Despite its overall advantages, lithium-ion have their drawbacks. It can be fragile and needs a protection circuit to keep up safe operation. Built in each pack, the protection circuit limits the peak voltage of each and every cell during charge and prevents the cell voltage from dropping too low on discharge. Moreover, the cell temperature is monitored to stop temperature extremes. The utmost charge and discharge current on most packs are is limited to between 1C and 2C. Using these precautions in position, the chance of metallic lithium plating occurring on account of overcharge is virtually eliminated.
Aging is a concern with many Innovative battery technology and several manufacturers remain silent concerning this issue. Some capacity deterioration is noticeable after one year, regardless of if the battery is at use or not. Battery frequently fails after several years. It needs to be noted that other chemistries likewise have age-related degenerative effects. This is especially valid for nickel-metal-hydride if open to high ambient temperatures. As well, lithium-ion packs are acknowledged to have served for 5yrs in many applications.
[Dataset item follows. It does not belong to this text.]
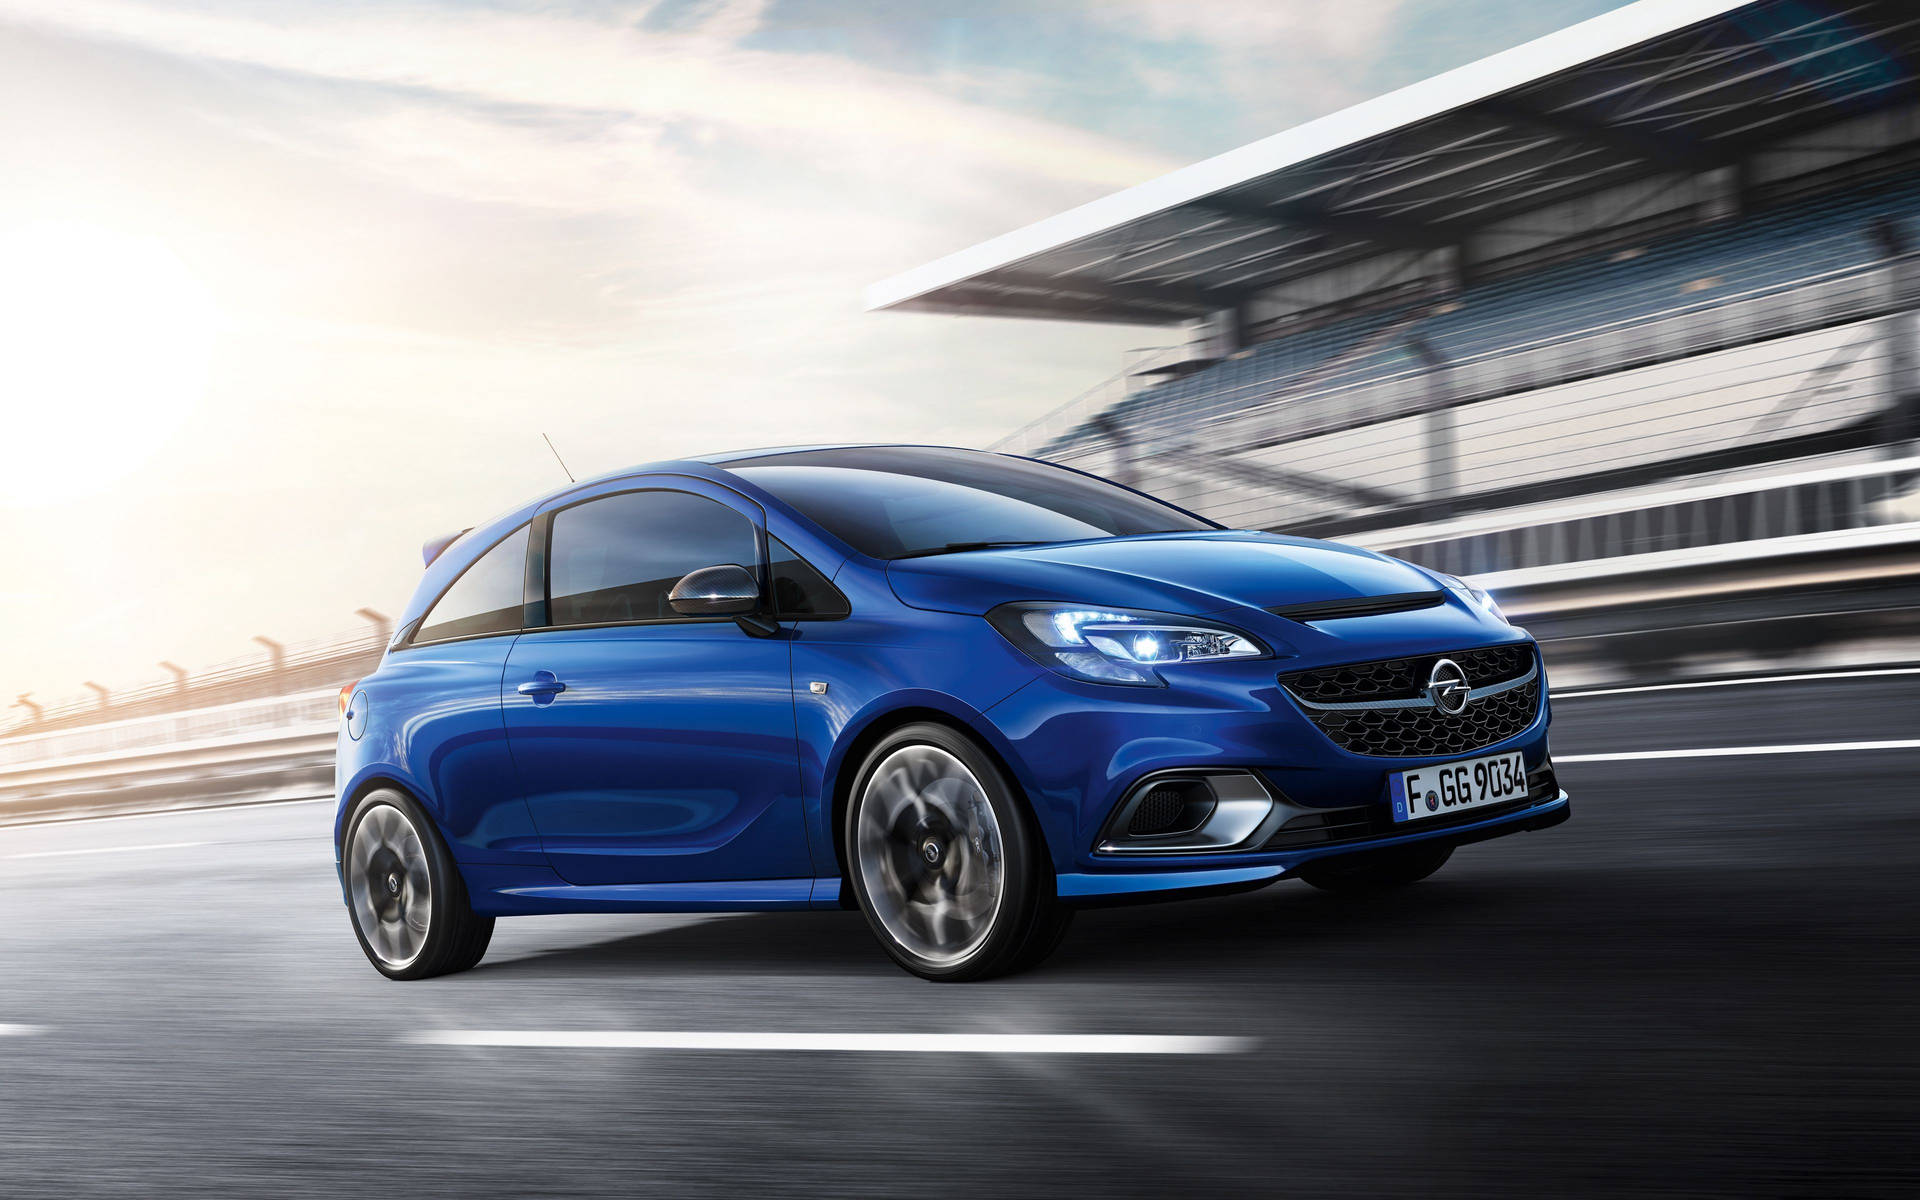 Opel Corsa Blue On Drive Wallpaper

Manufacturers are constantly improving lithium-ion. New and enhanced chemical combinations are introduced every 6 months roughly. With your rapid progress, it is difficult to evaluate how good the revised battery will age.
Storage within a cool place slows growing older of lithium-ion (along with other chemistries). Manufacturers recommend storage temperatures of 15°C (59°F). In addition, the battery ought to be partially charged during storage. The manufacturer recommends a 40% charge.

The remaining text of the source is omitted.